24.10 20h30 * Projection de Géographies de Chaghig Arzoumanian et conversation entre la réalisatrice et Rasha Salti
(cette projection fera suite à la présentation de la performance scénique Elegie d’une disparition: de 19h à 20h à la Friche Belle de Mai)
2015, Liban, 72 minutes en arménien
Chaghig Arzoumanian a 27 ans, mais elle pourrait en avoir mille : en voix off, elle prend personnellement en charge le passé de sa famille, la sédimentation de prénoms, de récits, de trajets et de photographies qui lui en a été transmis par bribes, on-dit, anecdotes. Sa généalogie arménienne, qui prend des proportions mythiques, est réinscrite dans les paysages d’aujourd’hui. « Les ruines ont fusionné avec la terre », entend-on de la plaine d’Anatolie que ses grands-parents ont quitté enfants au début du génocide arménien. Mais la cinéaste découvre d’autres exils sous cet exil, plus anciens, dont elle incruste les fantômes dans le présent – familles persécutées pendant le sultanat au seizième siècle, enfants épargnés en 1915 par la chance d’une circoncision médicale, tête coupée d’un époux découverte par sa femme. Cette violence historique a pour contrepoint l’éclat intime, chaleureusement familial, d’histoires plus récentes. L’abstraction topographique cède sous le récit familial, un homme fabrique trois barques avec une orange; des fruits poussent en surimpression sur un champ stérile. De l’Anatolie, l’exil a mené à Beyrouth, où Chaghig Arzoumanian est née, mais une branche de la famille a bifurqué au Caire, à Damas, Jaffa… La carte devient tapisserie aux couleurs et aux motifs multiples, changeants – une épopée tissée de fils individuels. (Charlotte Garson)
Chaghig Arzoumanian vit et travaille au Liban et en France. Ses grands-parents avaient quitté enfants leur village natal de Burunkisla pendant le génocide arménien de 1915. Elle est née à Beyrouth en 1988 et travaille actuellement entre Paris et Beyrouth. Elle est diplômée de l’Université de Paris VIII, titulaire d’une double maîtrise en cinéma et de valorisation du patrimoine cinématographique et a été formée à la restauration du film au laboratoire portugais d’archives de films (ANIM). Elle a dirigé plusieurs courts métrages et un moyen métrage : Au retour des marées. Geographies est son premier long métrage. Elle a co-monté en 2013 le documentaire E-muet dirigé par Corine Shawi et qui a été programmé en avant-première au FID Marseille.

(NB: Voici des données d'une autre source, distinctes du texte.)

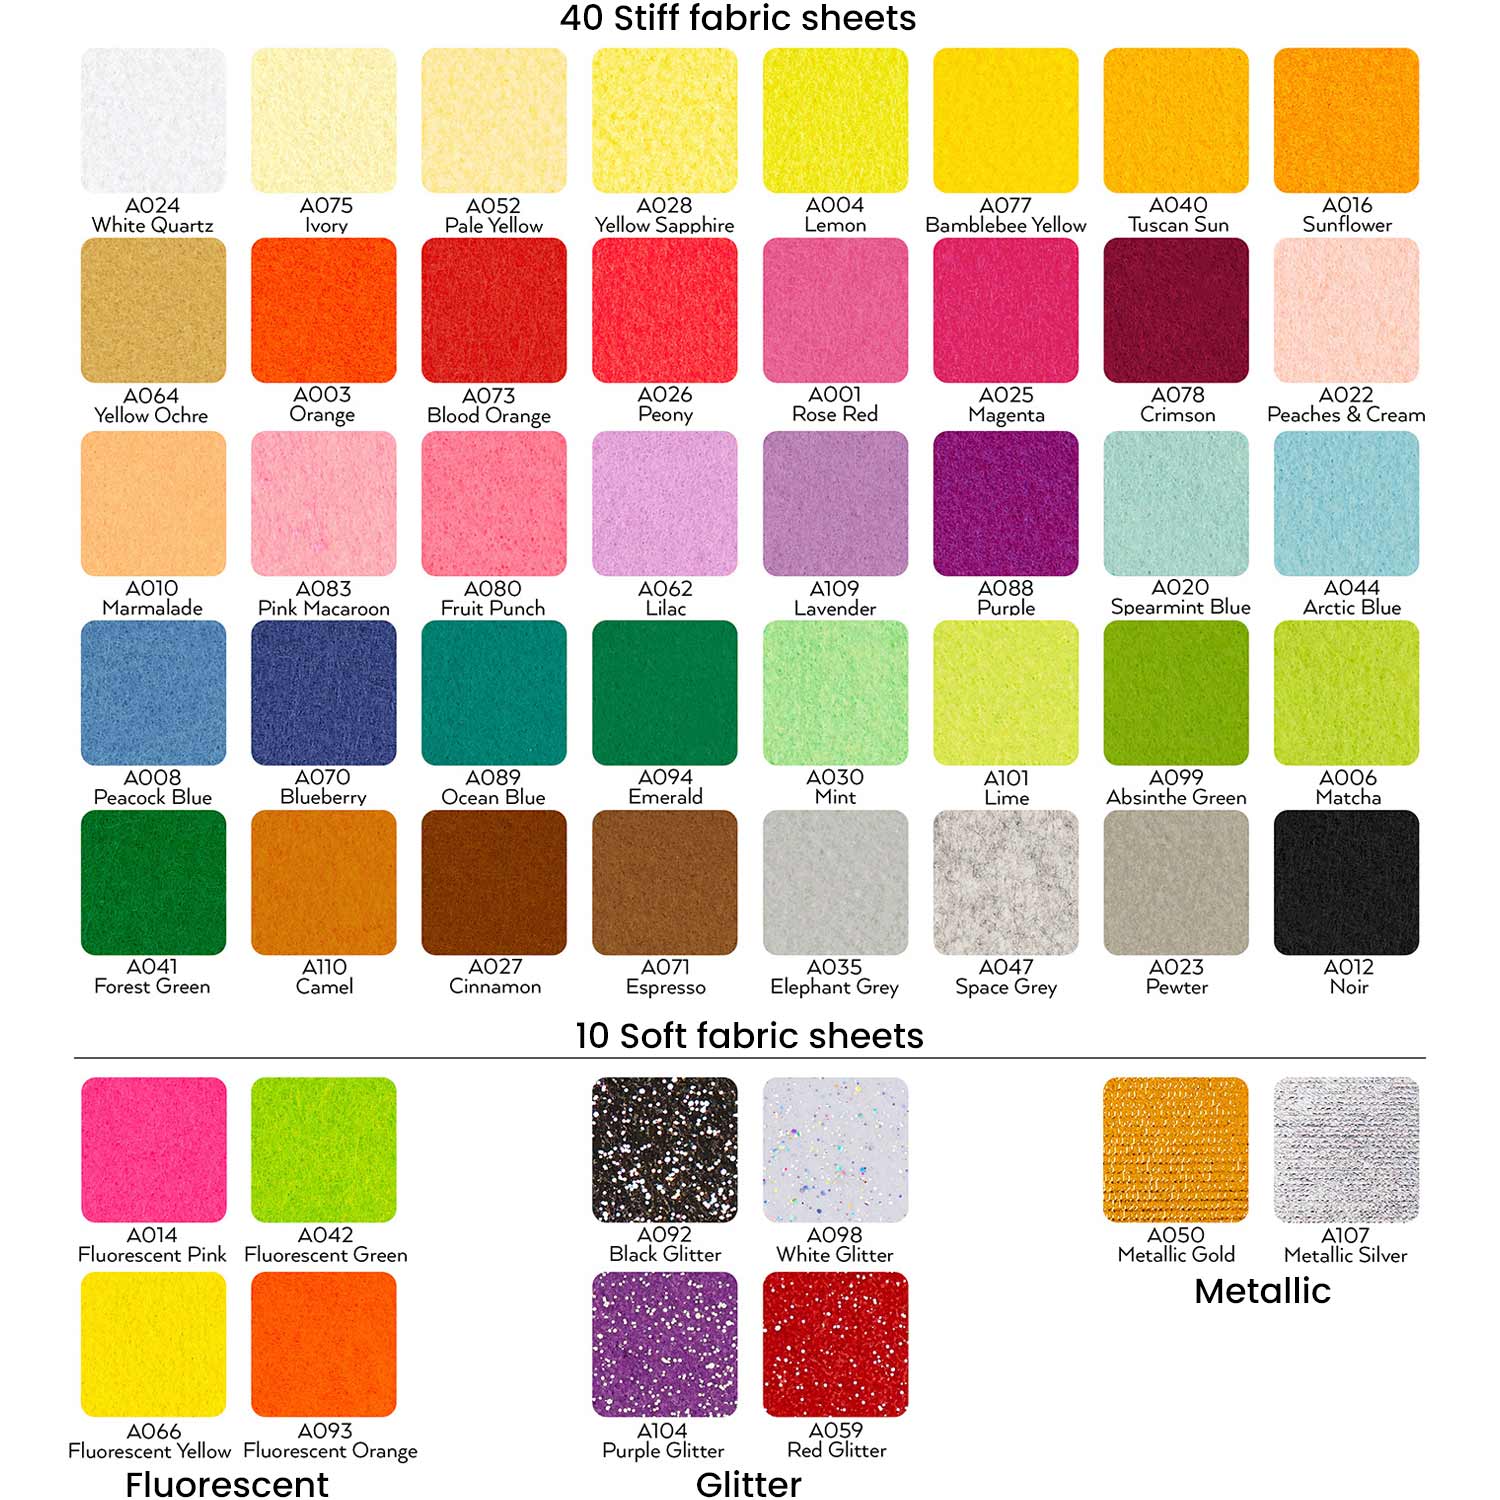 Stiff Felt Fabric, Assorted Colors, 4x6 Sheets - 40 Pack

Rasha Salti est chercheuse, écrivaine et curatrice d’art et de cinéma. Elle a été programmatrice au Festival du film international de Toronto (2011-2016) et depuis 2017, elle est chargée de programme à l’Unité Société et Culture à Arte France pour La Lucarne. Elle a été co-commissaire de Mapping Subjectivity: Experimentation in Arab Cinema from the 1960s until Now, avec Jytte Jensen (MoMA New York, 2010-2012).
Elle était l’une des commissaires de la 10e Biennale de Sharjah (2011). Elle a été directrice de la 1ere session de l’Académie Résidence RAW centre pour l’art, le savoir et la societe (Dakar 2016). Elle a été programmatrice des cycles de conférences et projections « Palestine : territoire, mémoire, projections » (Mucem, La compagnie lieu de création, Marseille, 2017). Elle a été co-commissaire, avec Kristine Khouri de l’exposition documentaire et archivale Past Disquiet qui a été présentée au MACBA (Barcelone 2015), à la Haus der Kulturen der Welt (Berlin, 2016), au Musée de la Solidarité Salvador Allende (Santiago, 2018), au Musée Sursock (Beyrouth, 2018), au Zeitz MoCA (Le Cap, 2023), au Palais de Tokyo (Paris, 2024) et à Framer Framed (Amsterdam, 2025). En 2026, elle a fait partie de l’équipe curatoriale, dirigée par Koyo Kouoh pour la 61e Biennale de Venise.
Salti a dirigé la publication d’Insights into Syrian Cinema: Essays and Conversations with Filmmakers (2006, ArteEast et Rattapallax Press), de Beirut Bereft, The Architecture of the Forsaken and Map of the Derelict (Sharjah Art Foundation, 2010, en collaboration avec le photographe Ziad Antar) et de I Would Have Smiled: A Tribute to Myrtle Winter-Chaumeny, avec Issam Nassar, en 2010.